- [MATERIAL PROVIDED]:
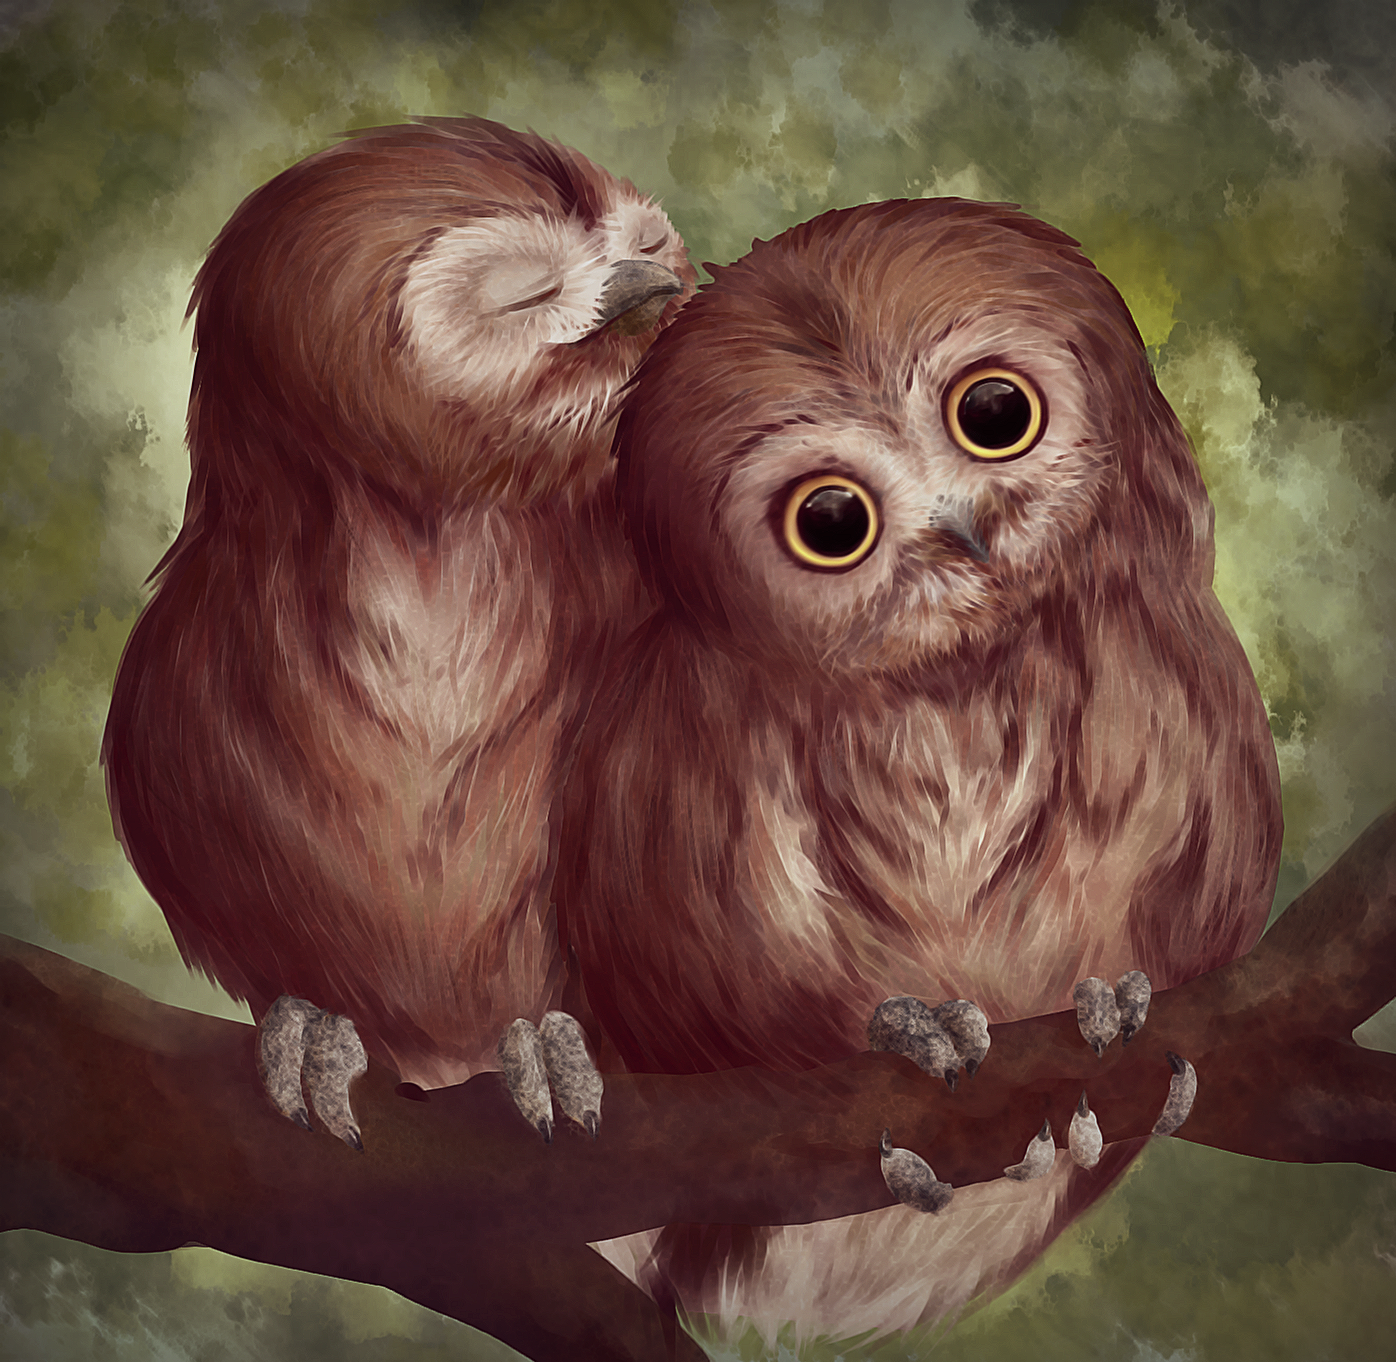 Drawing Practice: Cuddling owls by Kawaii-Fruit
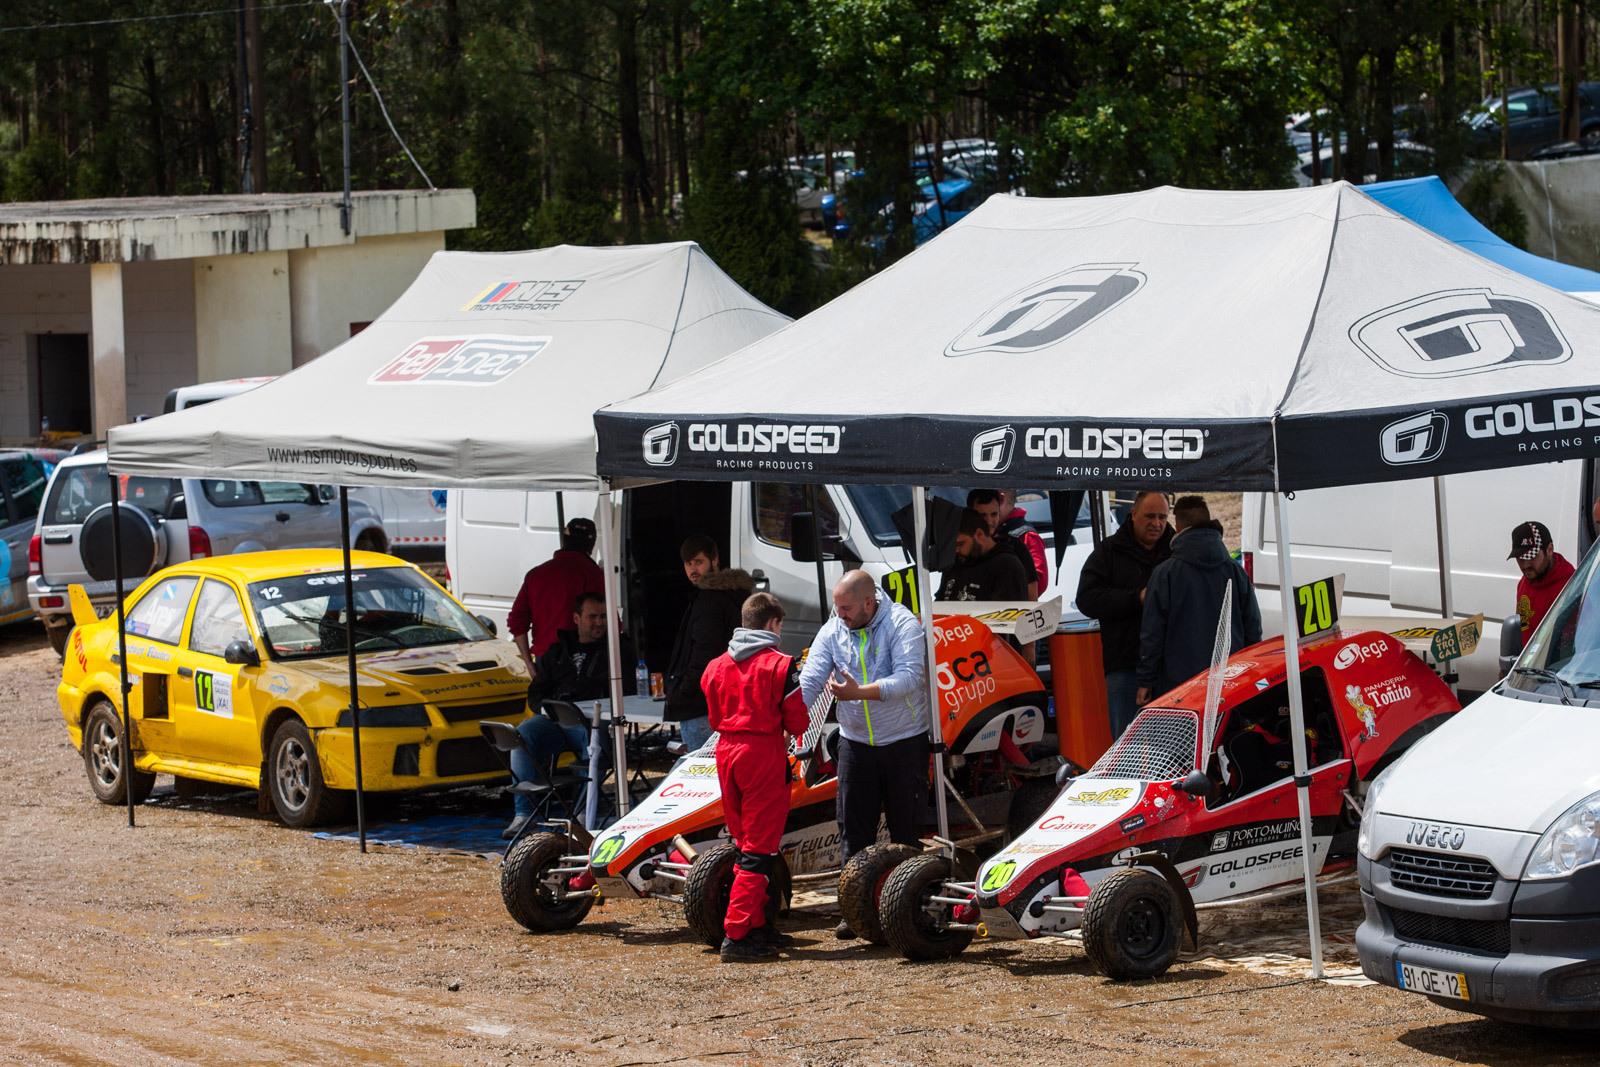 005 Autocross Carballo FGA 2016 002
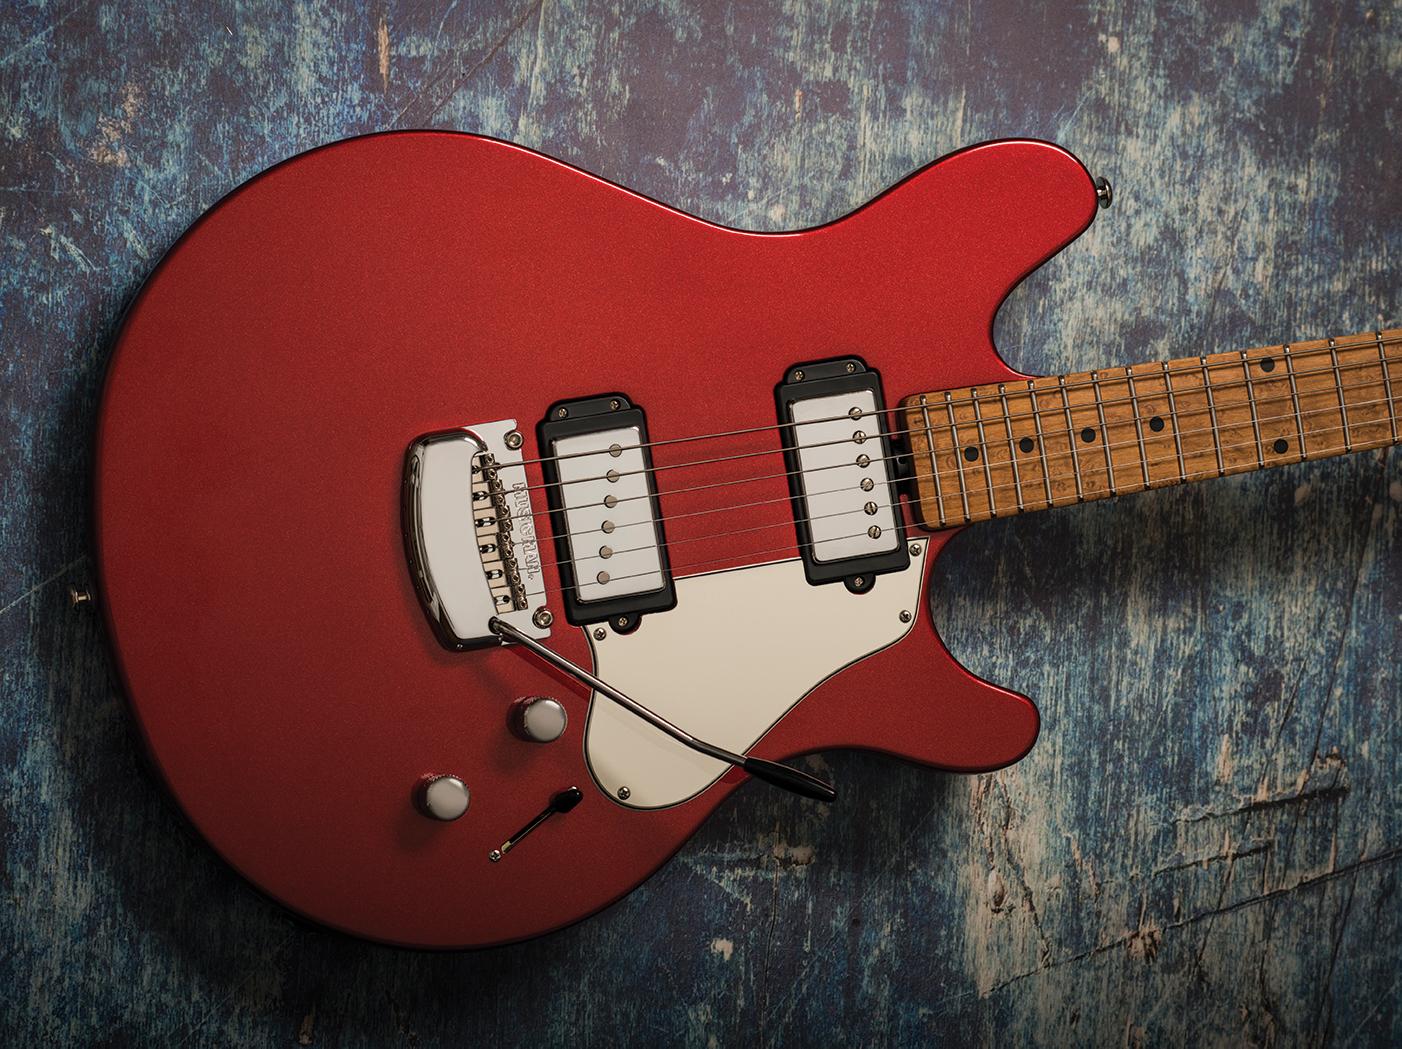 Music Man Valentine Tremolo Review - Guitar com | All Things Guitar
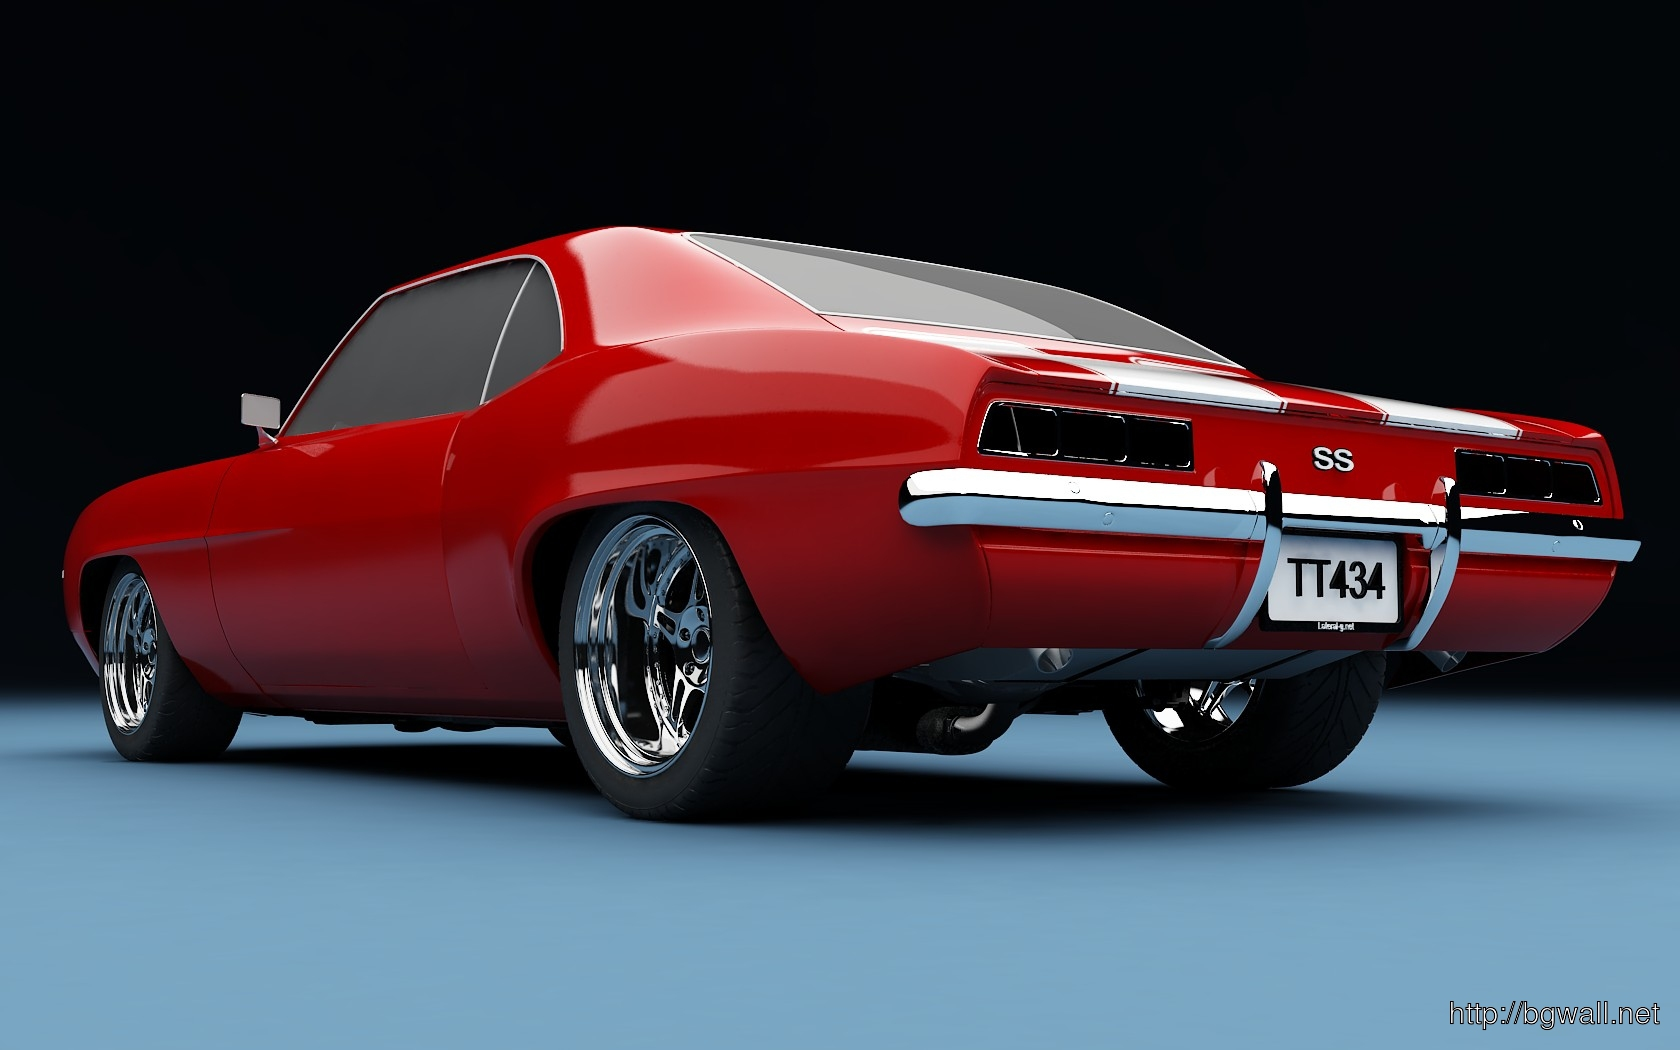 Red Camaro 1969 Muscle Car Wallpaper
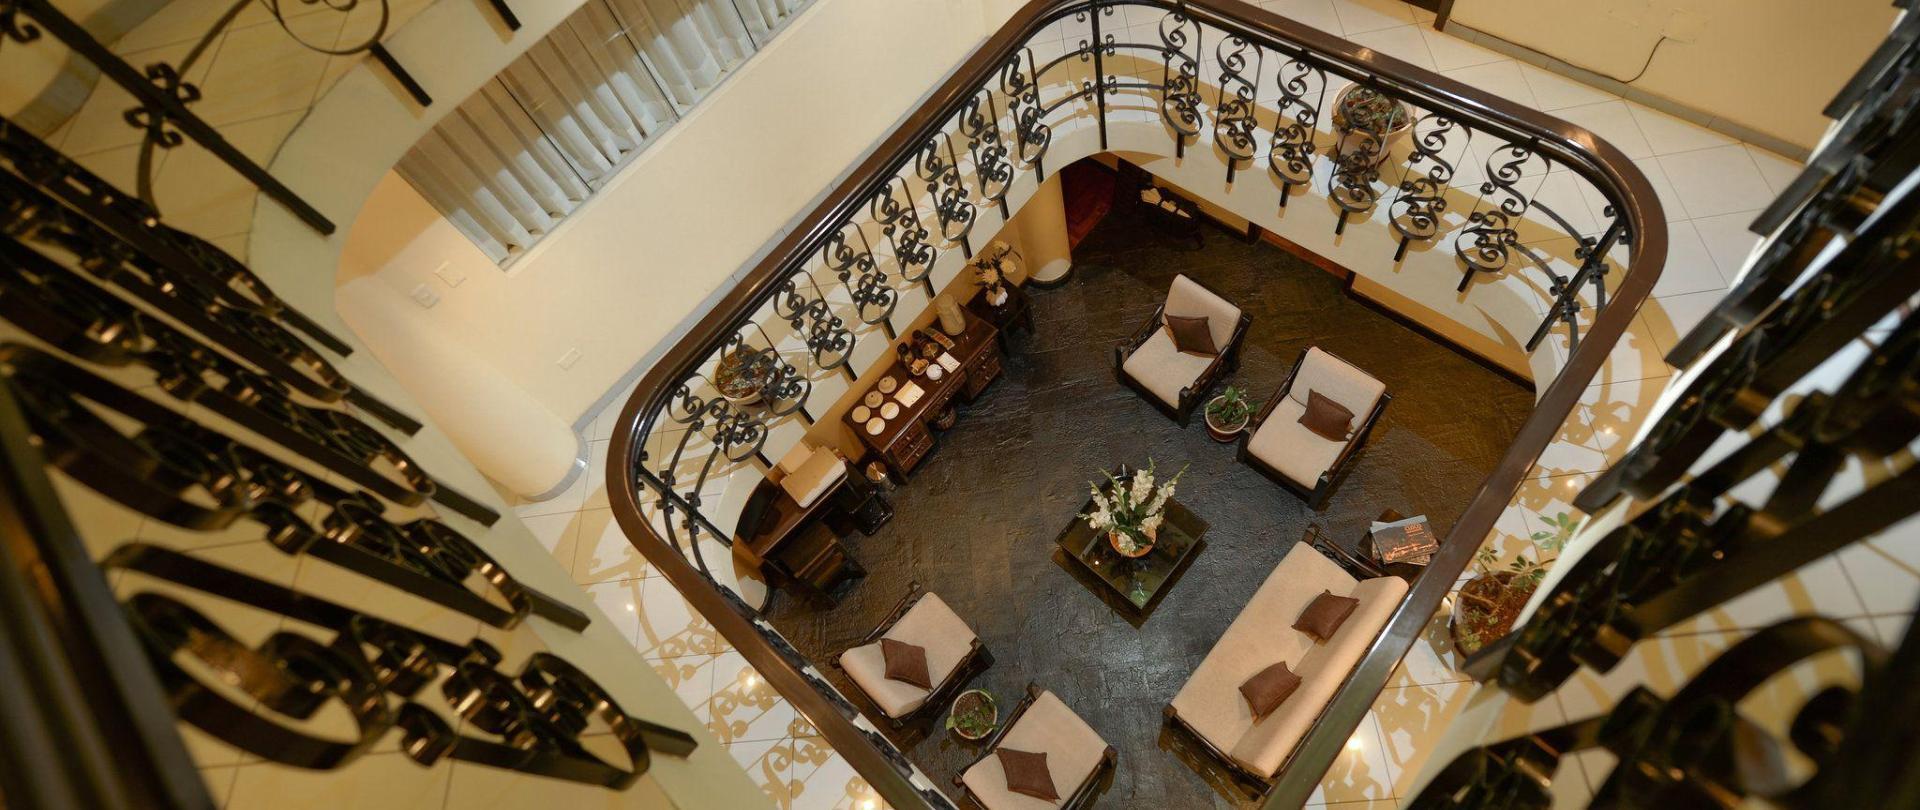 hotel-en-cusco_-tecte-guest-house_-lobby-4.jpg

- [EXERCISE DESCRIPTION]: In the records above, find the line containing "005 Autocross Carballo FGA 2016 002". Reproduce it and every line after it through the last line, omitting pictures.

- [ANSWER SECTION]:
 005 Autocross Carballo FGA 2016 002
 Music Man Valentine Tremolo Review - Guitar com | All Things Guitar
 Red Camaro 1969 Muscle Car Wallpaper
 hotel-en-cusco_-tecte-guest-house_-lobby-4.jpg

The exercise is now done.